In various embodiments, a method of detecting the presence of or a concentration of an antigen in a sample comprises:

fluidically contacting the sample with an array of In₂O₃ FET devices of a biosensor, the array of In₂O₃ FET devices configured on a substrate and fluidically accessible by a fluidic cell containing a liquid medium enclosing the biosensor, each In₂O₃ FET device comprising a source electrode disposed on the substrate, a drain electrode disposed on the substrate, spaced apart from the source electrode, and a In₂O₃ nanoribbon disposed on the substrate and electrically connecting the source electrode and the drain electrode, wherein each In₂O₃ nanoribbon in the array of In₂O₃ FET devices is defined by a channel width, channel length and channel thickness, wherein each In₂O₃ nanoribbon in the array of In₂O₃ FET devices includes at least one capture antibody immobilized thereon, the capture antibody being specific to the antigen, and wherein the antigen binds to the immobilized capture antibody;

fluidically contacting biotinylated secondary antibodies with the array of In₂O₃ FET devices of the biosensor, the biotinylated secondary antibodies being specific to the antigen, wherein the biotinylated secondary antibody binds to the antigen previously bound to the immobilized capture antibody;

fluidically contacting streptavidin alkaline phosphatase conjugate with the array of In₂O₃ FET devices of the biosensor, wherein the alkaline phosphatase binds to the biotinylated secondary antibody through a streptavidin-biotin conjugation;

fluidically contacting alkaline phosphatase substrate with the array of In₂O₃ FET devices of the biosensor, the alkaline phosphatase substrate being capable of enzymatic cleavage by the alkaline phosphatase, wherein the alkaline phosphatase cleaves the alkaline phosphatase substrate, producing protons and a pH change in the liquid medium; and detecting an amperometric signal from the biosensor as a result of the pH change in the liquid medium, indicating a presence of the antigen in the sample.

In various embodiments, the method is used to determine a concentration of the antigen in the sample by interpolation on a calibration curve.

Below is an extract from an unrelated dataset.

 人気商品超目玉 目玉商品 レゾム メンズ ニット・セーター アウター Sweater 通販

In certain examples, the calibration curve comprises a x/y plot of current change in the biosensor (ΔI/I₀ (%)) versus antigen concentration. In this way, a detected amperometric signal, such as a current change in the biosensor (ΔI/I₀ (%)), is interpolated on the calibration curve to an antigen concentration.

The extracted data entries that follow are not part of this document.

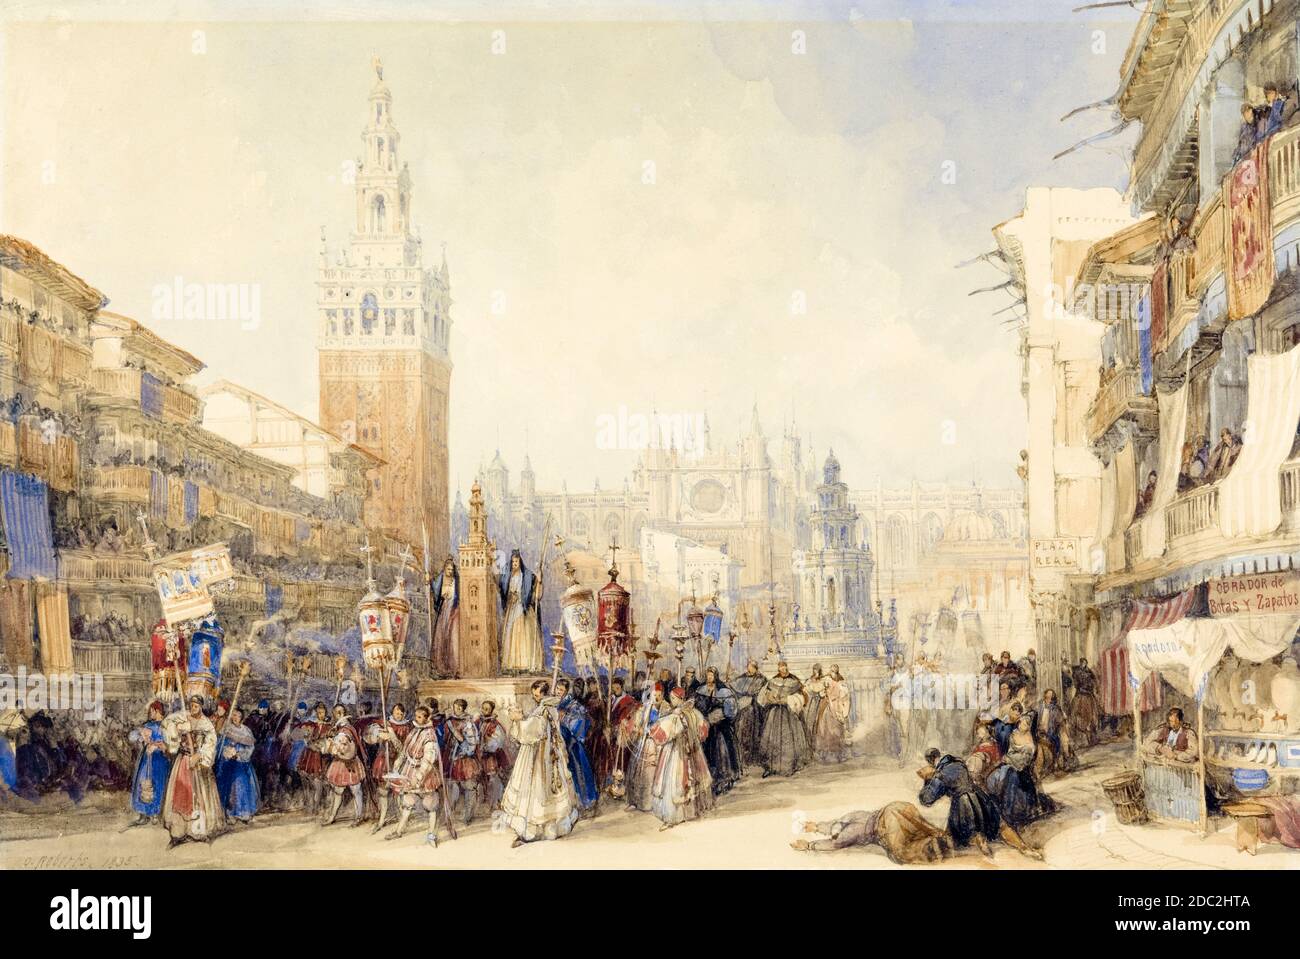 Plaza Real und Prozession des Fronleichnams in Sevilla, Spanien, Gemälde von David Roberts, 1836 Stockfoto
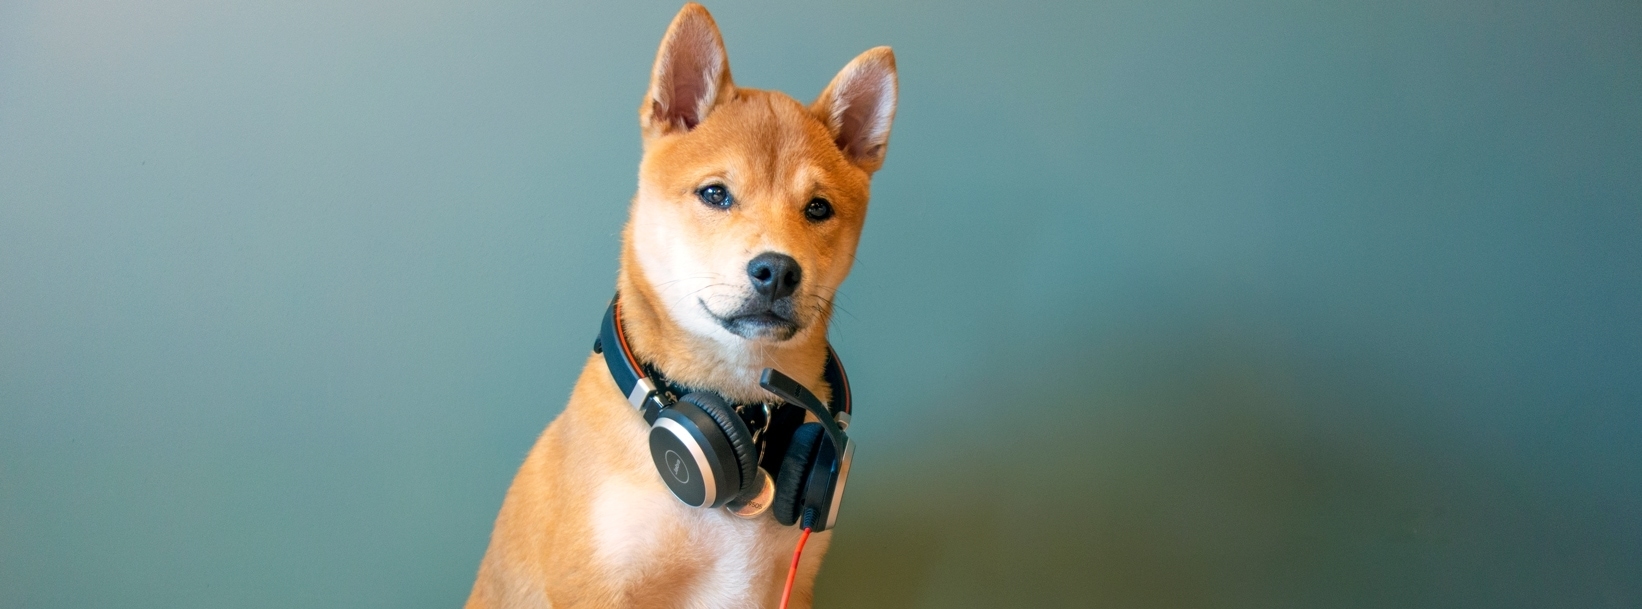 Hund mit Kopfhörern um den Hals
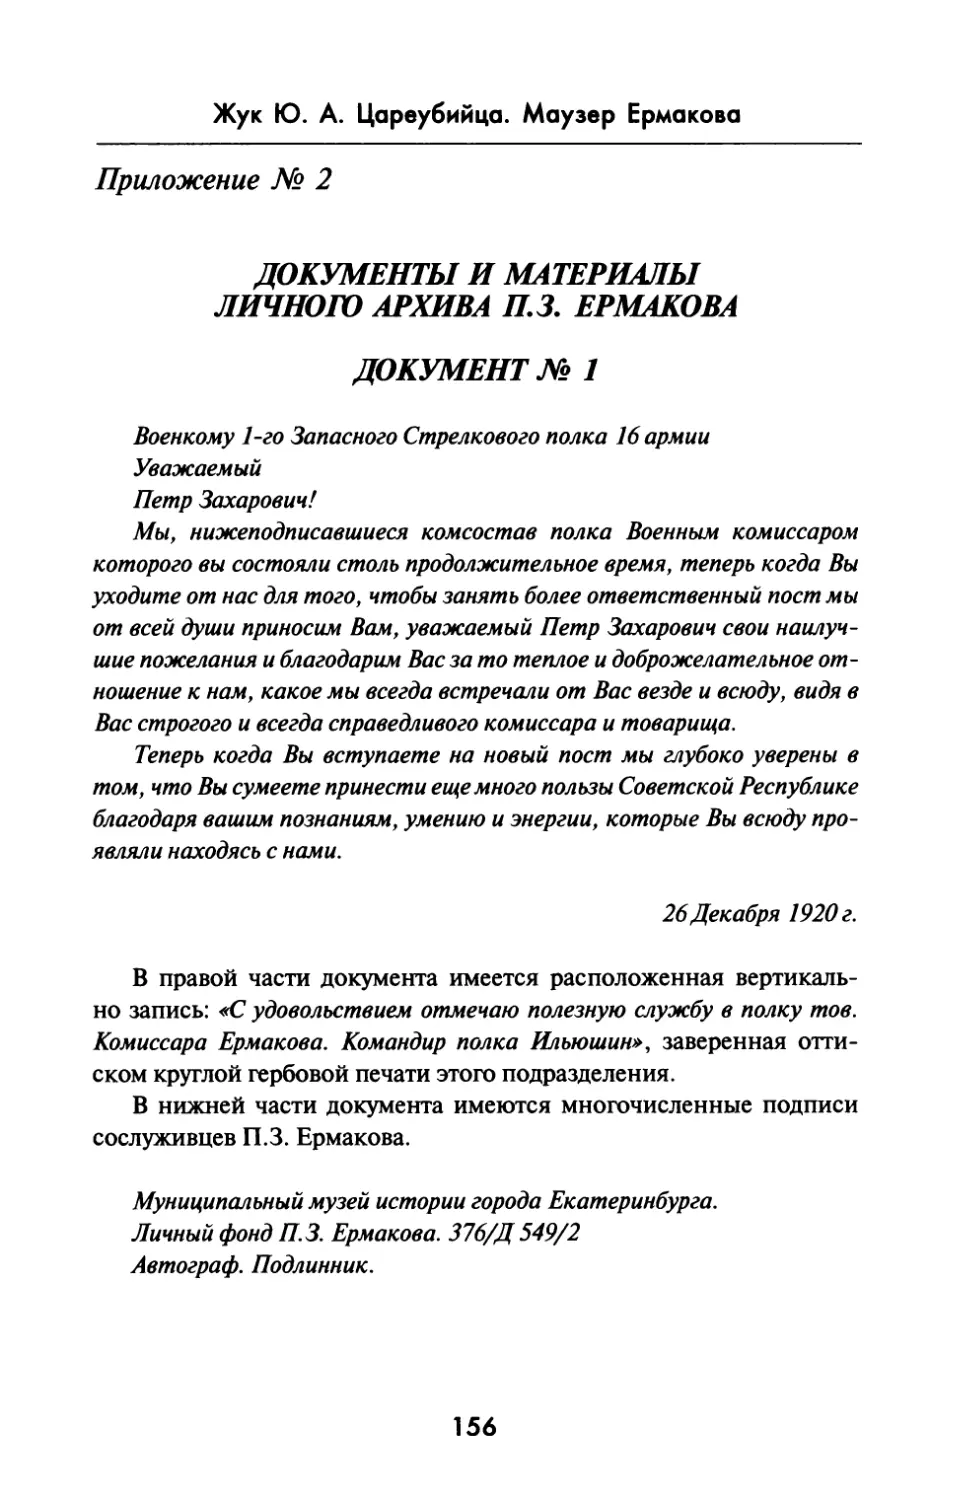 Приложение  № 2.  Документы  и  материалы личного  архива  П.З.  Ермакова

In various embodiments, the amperometric signal comprises a current in the biosensor.

In various embodiments, the amperometric signal comprises a current change in the biosensor.

In various embodiments, the amperometric signal comprises a percent current change (ΔI/I₀ (%)) in the biosensor.

In various embodiments of the method, the alkaline phosphatase substrate comprises disodium p-nitrophenyl phosphate.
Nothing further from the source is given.